● **Your assignment**
In the records below, find the line with "The Lightner Museum", then retype it and every following line exactly, stopping after the line with "A criminal trial". Leave the pictures out.

● **Data for analysis**
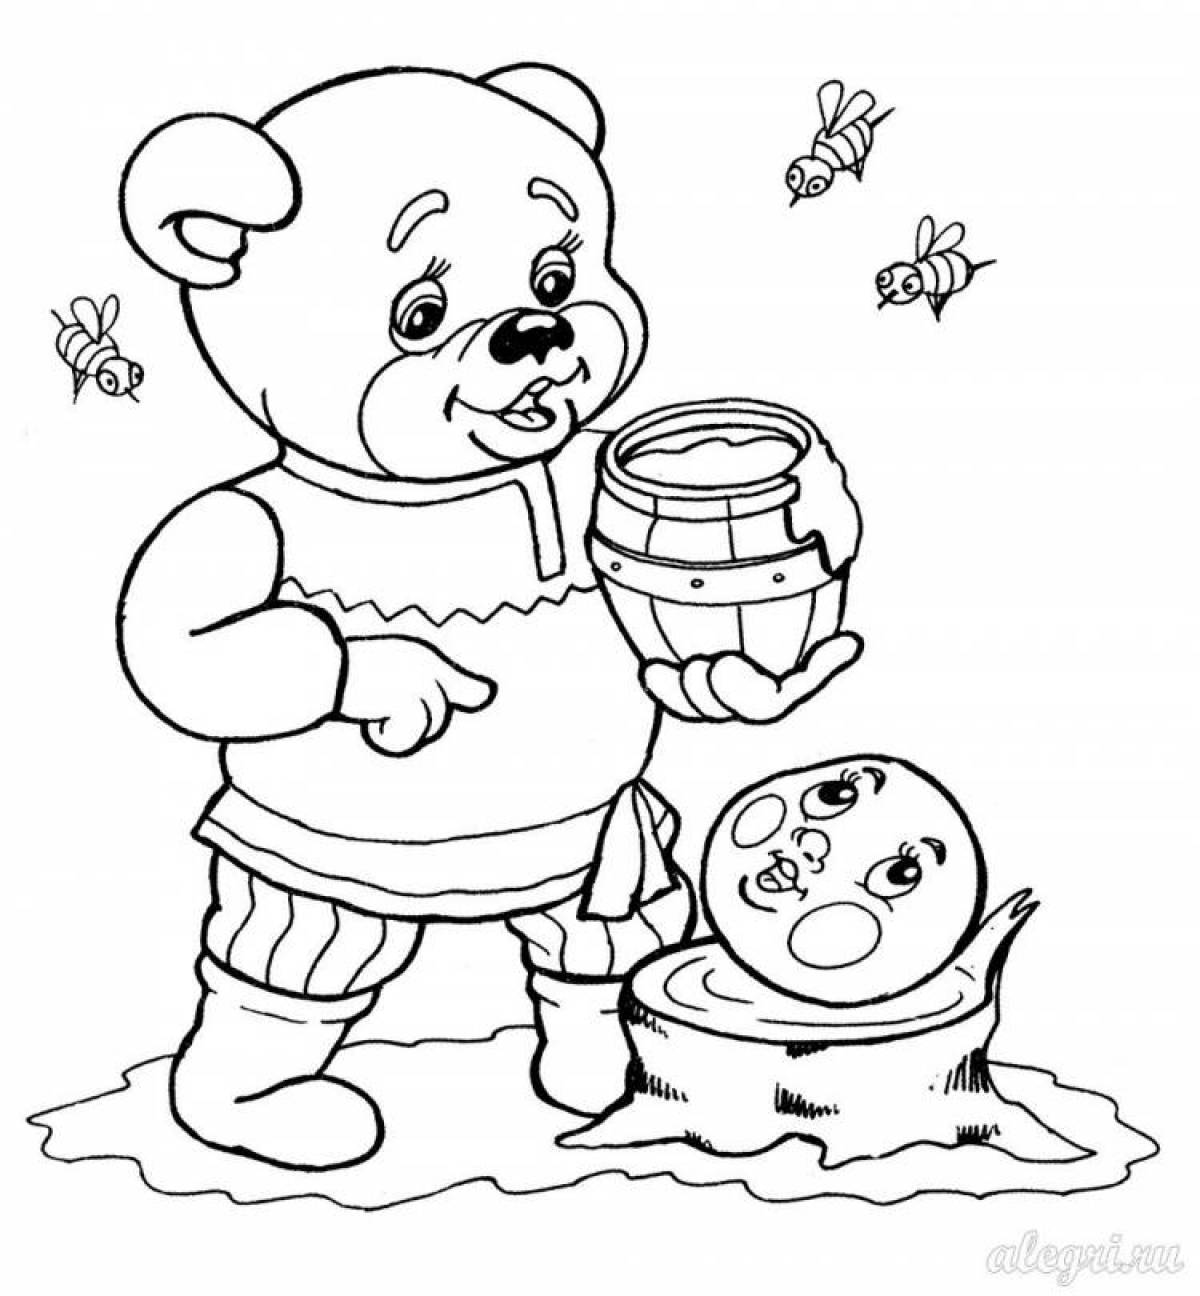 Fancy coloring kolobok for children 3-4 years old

...

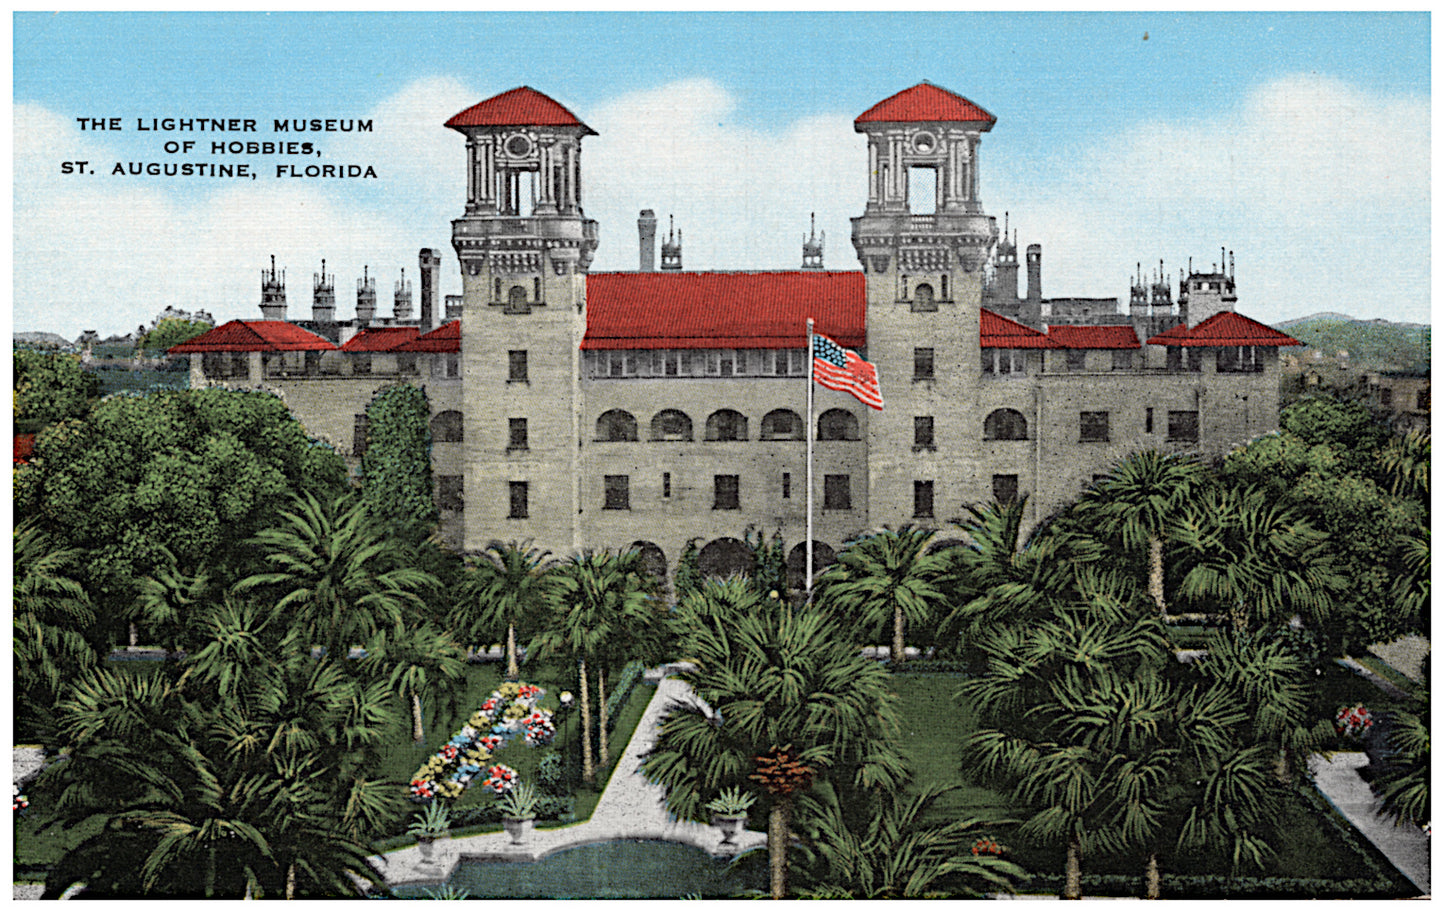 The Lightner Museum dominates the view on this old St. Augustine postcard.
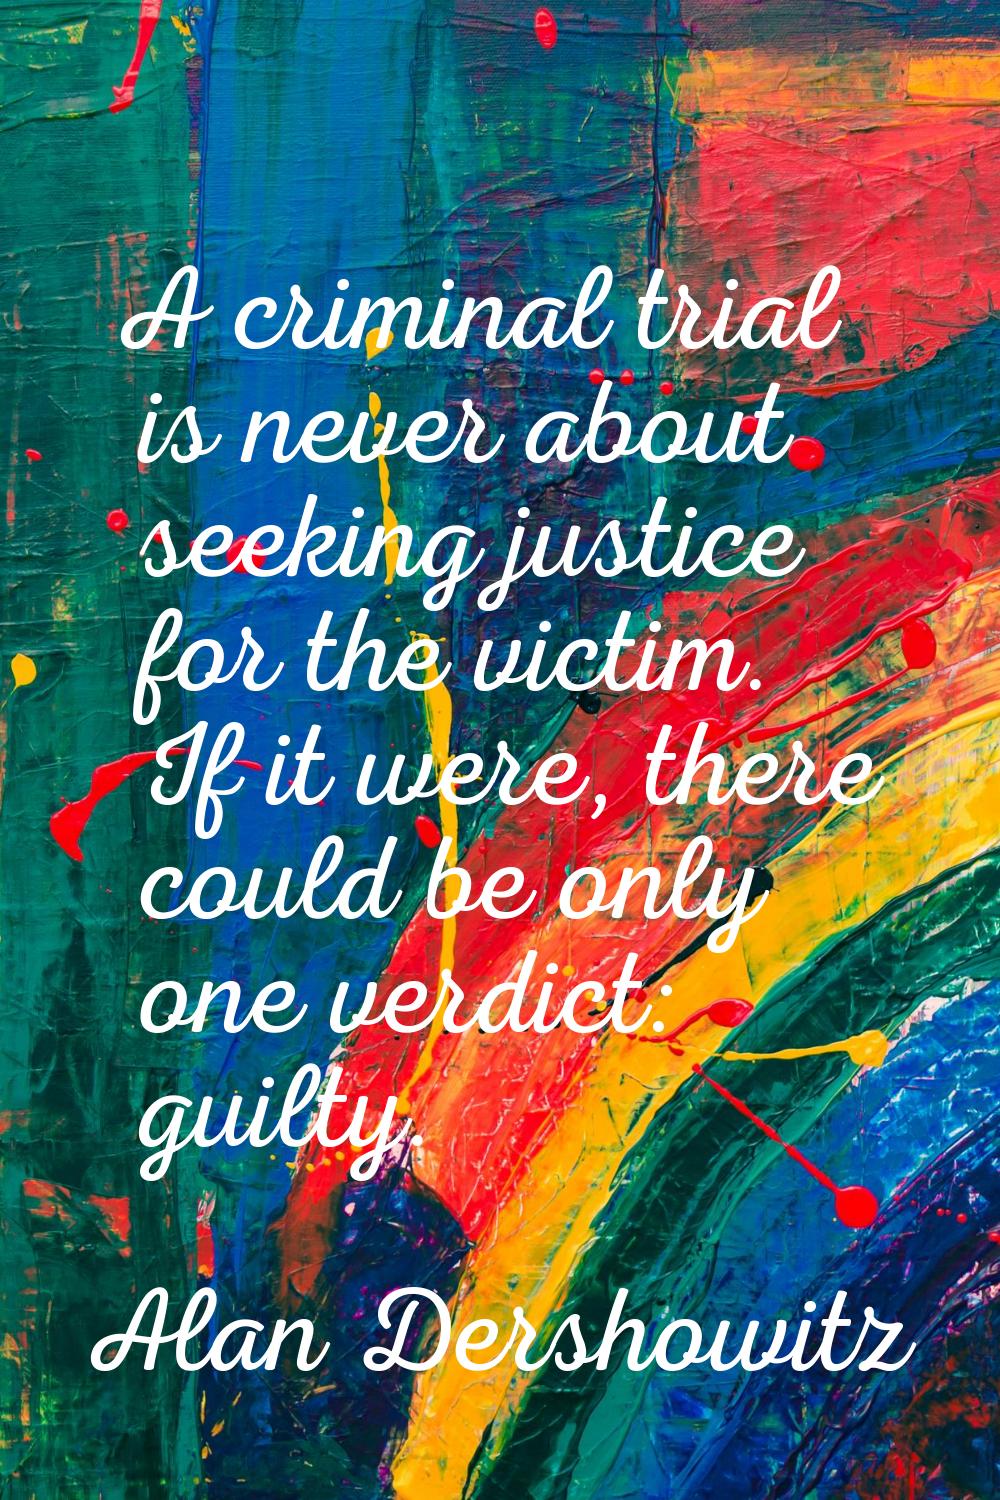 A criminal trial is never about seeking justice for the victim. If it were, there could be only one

● **Solved exercise**
 The Lightner Museum dominates the view on this old St. Augustine postcard.
 A criminal trial is never about seeking justice for the victim. If it were, there could be only one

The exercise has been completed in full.